Generally, the beginning time of control input is uncertain. We suppose that system (37) is controlled via intermittent control when \(t>2\) and define the intermittent control as

$$\begin{aligned} \begin{aligned}&\mu (x(t))= \left\{ \begin{array}{lr} 0, \qquad 0<t<2\\ -2x(t),\qquad 2+0.4n\le t<2+0.4n+0.2\\ 0, \qquad 2+0.4n+0.2\le t<2+0.4n+0.4 \end{array} \qquad n=0,1,2,3,\ldots \right. \\ \end{aligned} \end{aligned}$$
(38)

then, we can get the controlled system as

$$\begin{aligned} \begin{aligned}&_{0}^CD^{0.3}_{t}x(t)= \left\{ \begin{array}{lr} -2x(t), \qquad 0<t<2\\ -1.9x(t),\qquad 2+0.4n\le t<2+0.4n+0.2\\ 0.1x(t), \qquad 2+0.4n+0.2\le t<2+0.4n+0.2 \end{array} \qquad n=0,1,2,3,\cdots \right. \\ \end{aligned} \end{aligned}$$
(39)

According to Theorem 1 in [1], we can get \(A=-2,K=-2\). Suppose \(P=1\), \(\zeta _{1}=2.1\), \(\zeta _{2}=0\), \(\alpha _{1}=3.8\), \(\beta _{1}=0.2\) and get

  1. (1)

    \(\Vert f(x_{1}(t))-f(x_{2}(t))\Vert \le 2.1\Vert x_{1}(t)-x_{2}(t)\Vert \), we can set \(l_{f}=2.1\).

  2. (2)

    When \(2+0.4n\le t<2+0.4n+0.2\), \(A^{T}P+K^{T}P+PA+PK+\zeta _{1}P^{2}+\zeta _{1}^{-1}l_{f}^{2}+\zeta _{2}P^{2}+\alpha _{1}P\le 0\),

  3. (3)

    When \(2+0.4n+0.2\le t<2+0.4n+0.4\) , \(A^{T}P+PA+\zeta _{1}P^{2}+\zeta _{1}^{-1}l_{f}^{2}+\zeta _{2}P^{2}-\beta _{1}P\le 0\),

  4. (4)

    \(E_{0.3}(-3.8*0.2^{0.3})E_{0.3}(0.2*0.2^{0.3})=0.9929 \le 1\).
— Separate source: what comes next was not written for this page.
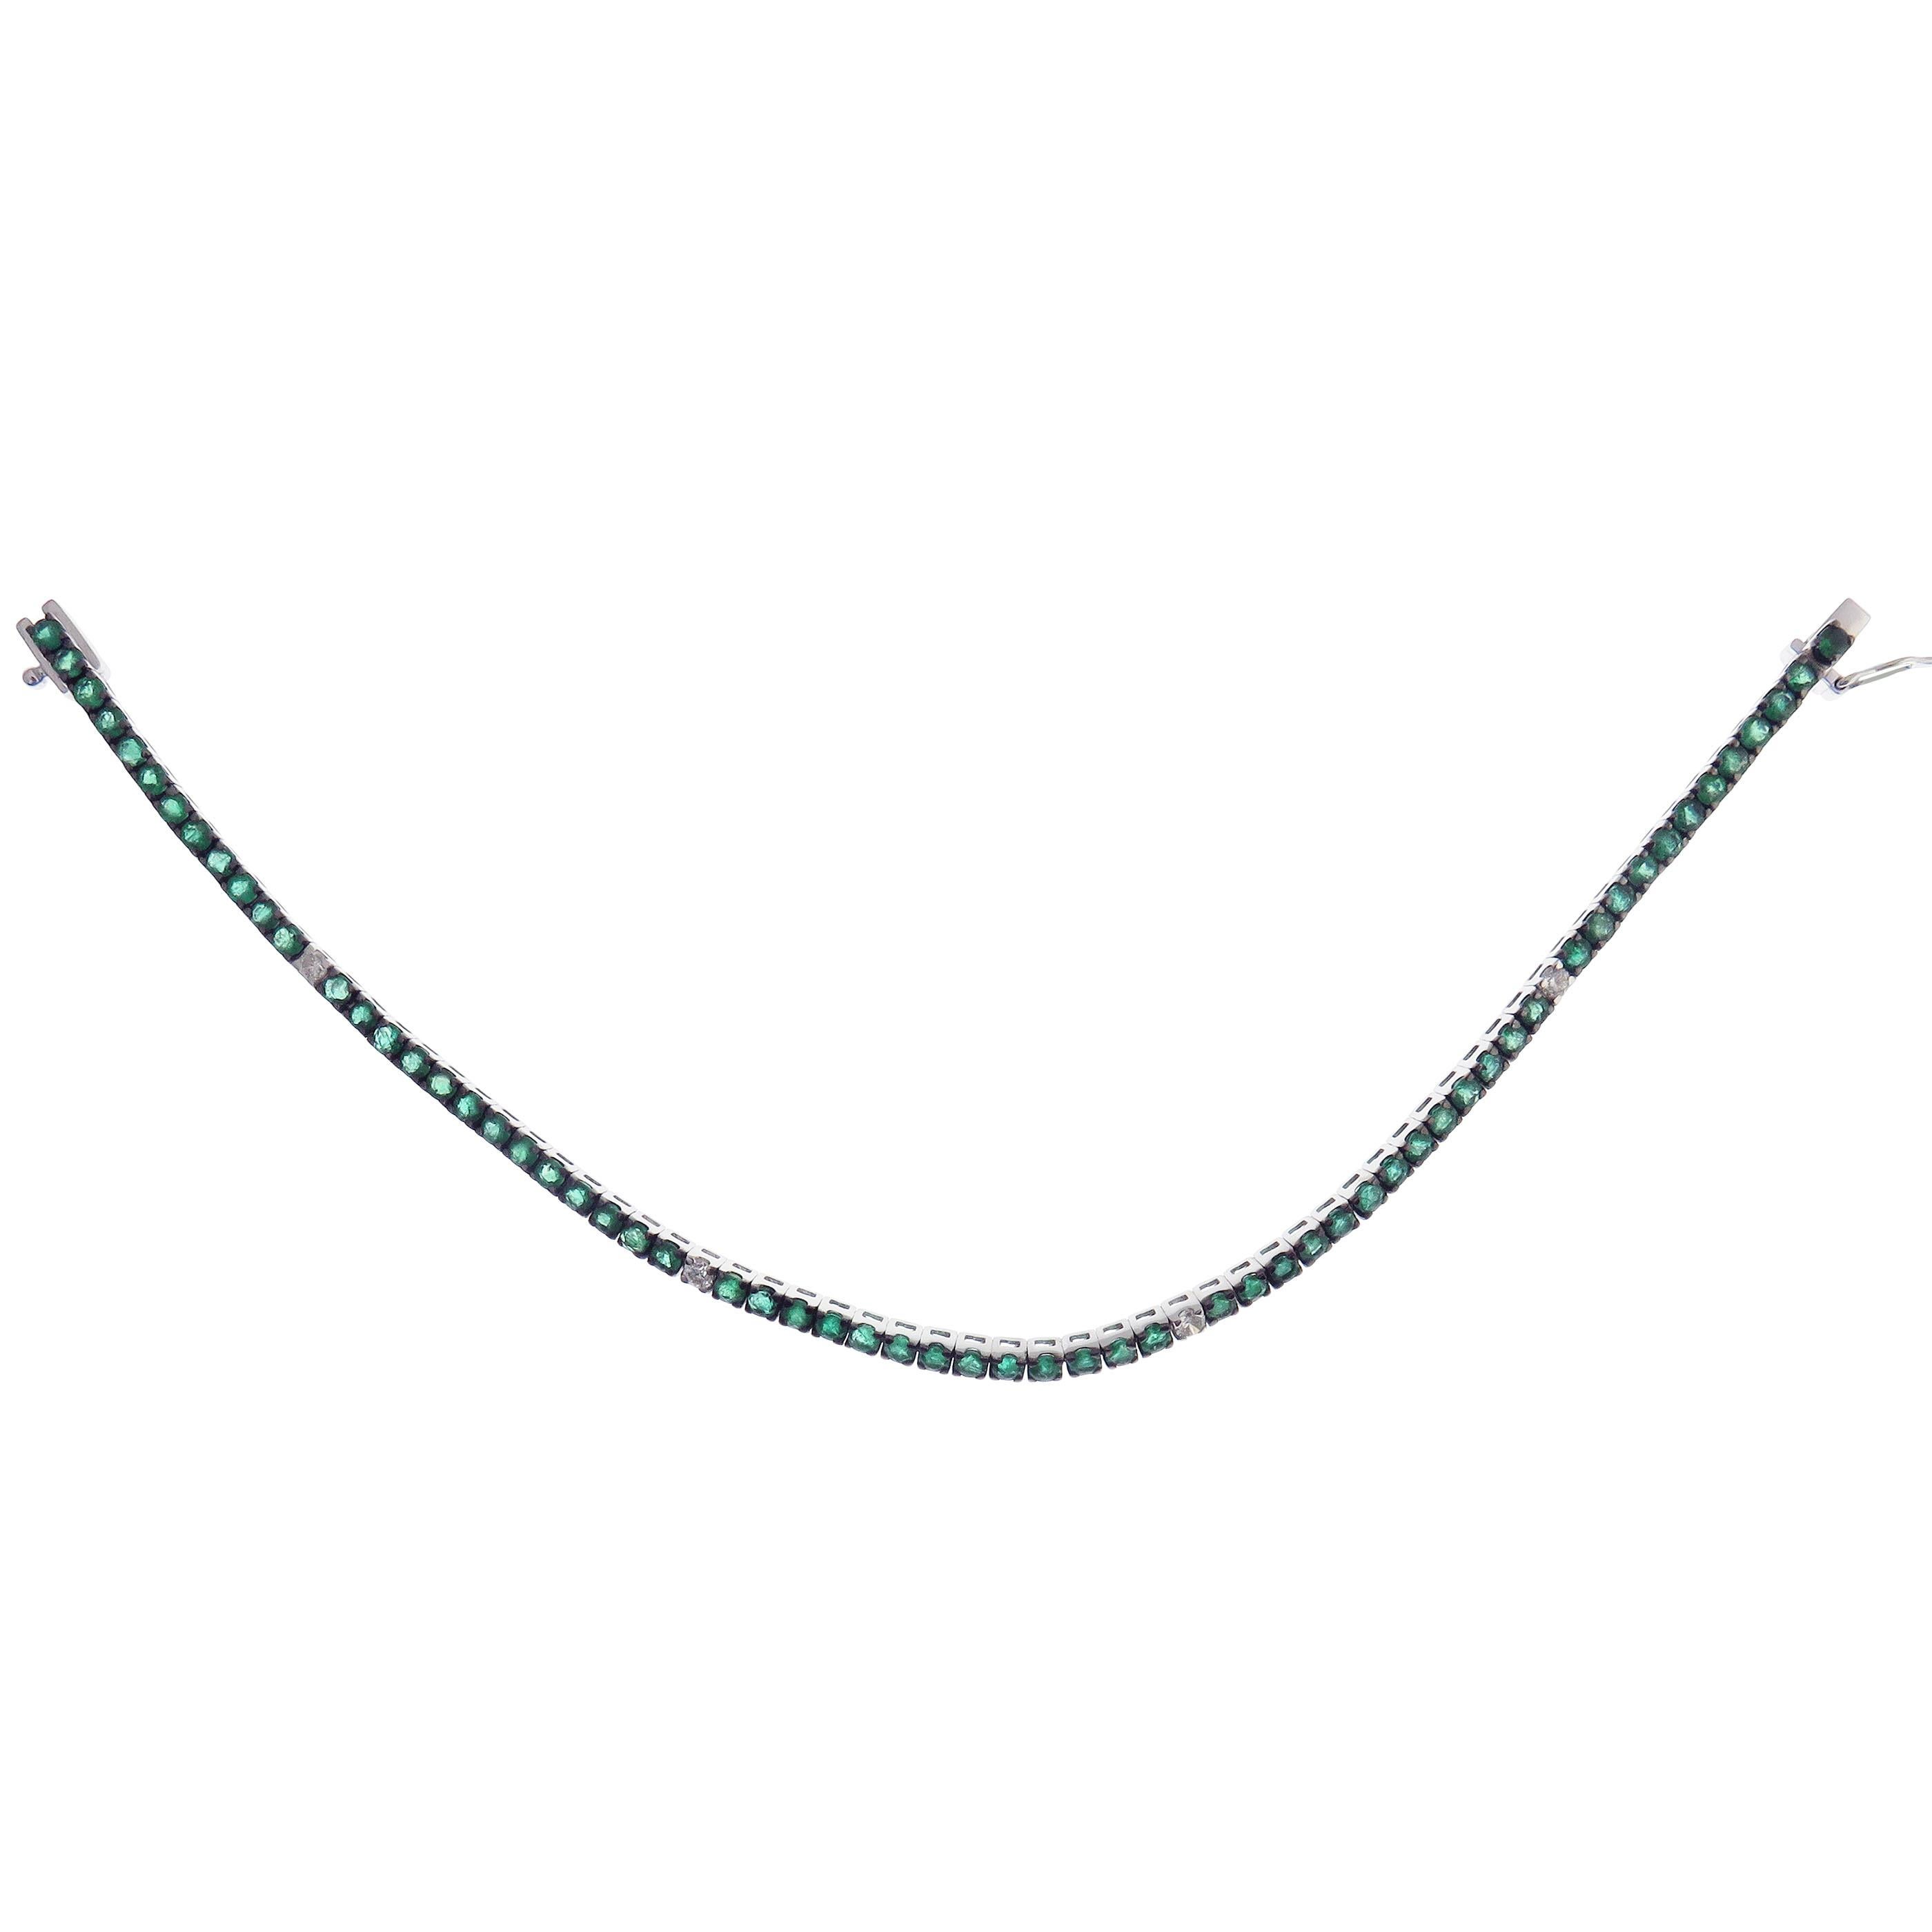 This bracelet is crafted in 18-karat white gold, weighing approximately 0.20 total carats of SI Quality white diamonds and 3.30 total carats of Emerald stones. 

Bracelet is approximately 7

Obviously, example 3 satisfies the conditions of Theorem in [1]. Construct a positive function as: \(V(t)=x^{2}(t)\) and set the initial value as \(x(0)=6\). We can get \(V(2+0.4)\le V(2){E_{0.3}((-3.8)*0.2^{0.3}})E_{0.3}((0.2)*0.2^{0.3})\le V(2)\) according to the proof process of Theorem 1 in [1]. Similarly, we can get \(V(2)\ge V(2+0.4)\ge V(2+0.8)\ge \cdots \).

We take numerical simulation at the same condition and the simulation result is shown in Fig. 3. Figure 3 shows that \(V(2)\le V(2+0.4)\le V(2+0.8)\le \cdots \) , which contradicts with the theoretical analysis according to Theorem 1 [1].

Figures 1, 2 and 3 show that fractional order system is related to historical process as the memory property of fractional calculus. The numerical results show that the conclusion of Theorem 1 in [1] is incorrect. Obviously, the conclusion in Theorem 2 in [1] is also incorrect.

4 Conclusion

As mentioned above, we have analyzed the prove process and the conclusion of Theorem 1 in [1] are incorrect. It is necessary to point out these errors to avoid misleading.